Disk Trim

Disk trimming is the procedure by which the operating system informs the underlying storage device of which storage blocks are no longer in use. It does this by issuing an ATA_TRIM command for the block. This is also known as a discard. In this way, the storage device can perform garbage collection of the unused blocks and internally prepare them for reuse. SSDs in general benefit from this, while HDDs do not.

In a Linux system running on bare metal, this is relatively straight-forward. When instructed by the operating system, discards are issued by the file-system driver directly to the storage driver and then to the SSD.
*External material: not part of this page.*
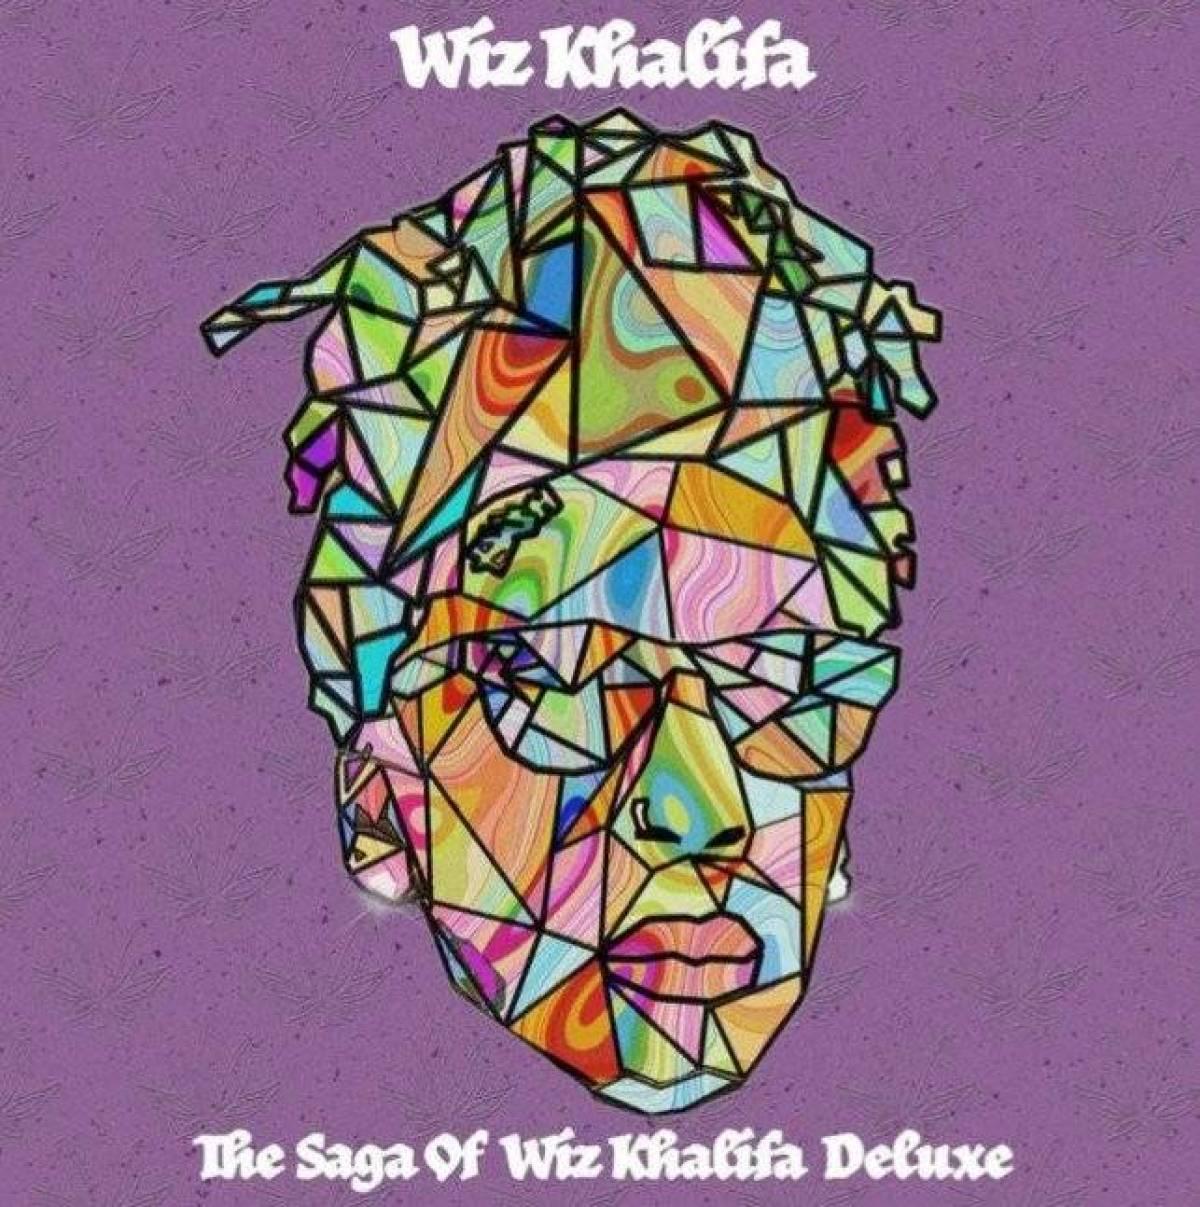 Wiz Khalifa Ft. Rubi Rose – POV MP3 DOWNLOAD FREE

In Qubes, this gets more complex due to virtualization, LUKS, and LVM (and thin pools on R4.0 and up). If you run fstrim --all inside a TemplateVM, in a worst case the discard can follow a path like:

OS -> File-system Driver -> Virtual Storage Driver -> Backend Storage Driver -> LVM Storage Driver -> LUKS Driver -> Physical Storage Driver -> Physical Storage Device

If discards are not supported at any one of those layers, it will not make it to the underlying physical device.
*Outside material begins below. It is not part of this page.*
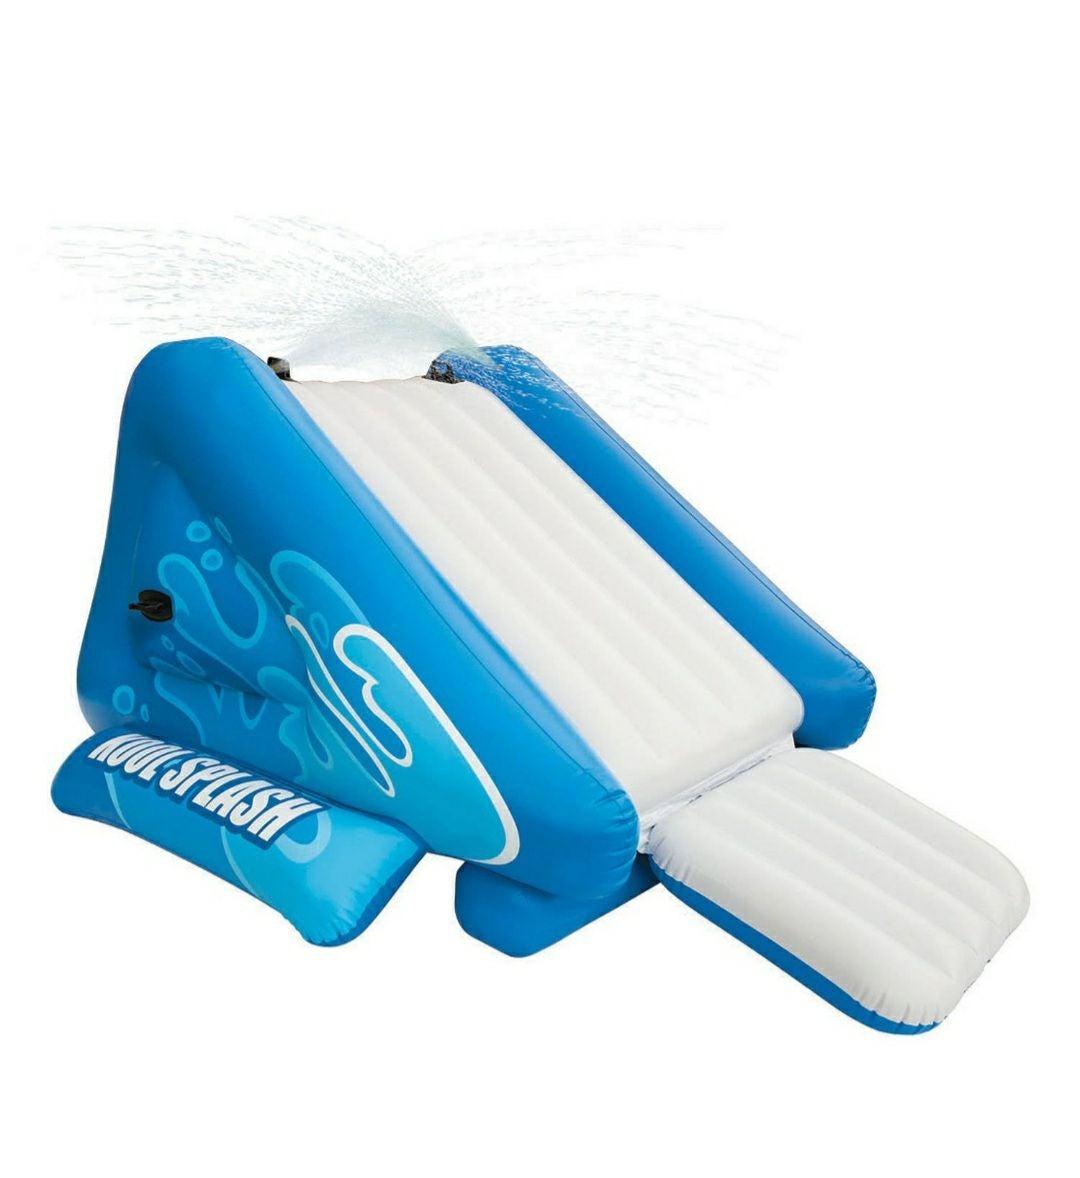 Intex Kool Splash slide..CK

There are some security implications to permitting TRIM (read for example this article), but in most cases not exploitable.

Configuration

In all versions of Qubes, you may want to set up a periodic job in dom0 to trim the disk. This can be done with either systemd (weekly only) or cron (daily or weekly).

  • Systemd

    From a terminal as a regular user:

    systemctl enable fstrim.timer
    systemctl start fstrim.timer
    
  • Cron

    This can be done from a terminal as root, by creating a trim file in /etc/cron.daily (or /etc/cron.weekly). Add the following contents:

    #!/bin/bash
    /sbin/fstrim --all
    

    And mark it as executable with chmod 755 /etc/cron.daily/trim.

Note Although discards can be issued on every delete inside dom0 by adding the discard mount option to /etc/fstab, this option can hurt performance so the above procedure is recommended instead. However, inside App and Template qubes, the discard mount option is on by default to notify the LVM thin pool driver (R4.0) or sparse file driver (R3.2) that the space is no longer needed and can be zeroed and re-used.

If you are using Qubes with LVM, you may also want to set issue_discards = 1 in /etc/lvm/lvm.conf. Setting this option will permit LVM to issue discards to the SSD when logical volumes are shrunk or deleted. In R4.x, LVM Logical volumes are frequently deleted (every time a disposable VM is shut down, for example) so setting issue_discards = 1 is recommended if using an SSD. However, this is relatively rare in R3.x.

LUKS

If you have enabled LUKS in dom0, discards will not get passed down to the storage device.

To enable TRIM support in dom0 with LUKS you need to:

  1. Get your LUKS device UUID:

     ls /dev/mapper/luks-*
    
  2. Add entry to /etc/crypttab (replace luks-<UUID> with the device name and the <UUID> with UUID alone):

     luks-<UUID> UUID=<UUID> none discard
    
  3. Add rd.luks.options=discard to kernel cmdline (follow either GRUB2 or EFI, not both):
    • GRUB2: /etc/default/grub, GRUB_CMDLINE_LINUX line and
      Rebuild grub config (grub2-mkconfig -o /boot/grub2/grub.cfg), then
      Rebuild initrd in hostonly mode (dracut -H -f)
    • EFI: /boot/efi/EFI/qubes/xen.cfg, kernel= line(s), then
      Rebuild initrd in hostonly mode (dracut -H -f /boot/efi/EFI/qubes/initramfs-$(uname -r).img $(uname -r))
  4. Reboot the system.

  5. To verify if discards are enabled you may use dmsetup table (confirm the line for your device mentions “discards”) or just run fstrim -av (you should see a / followed by the number of bytes trimmed).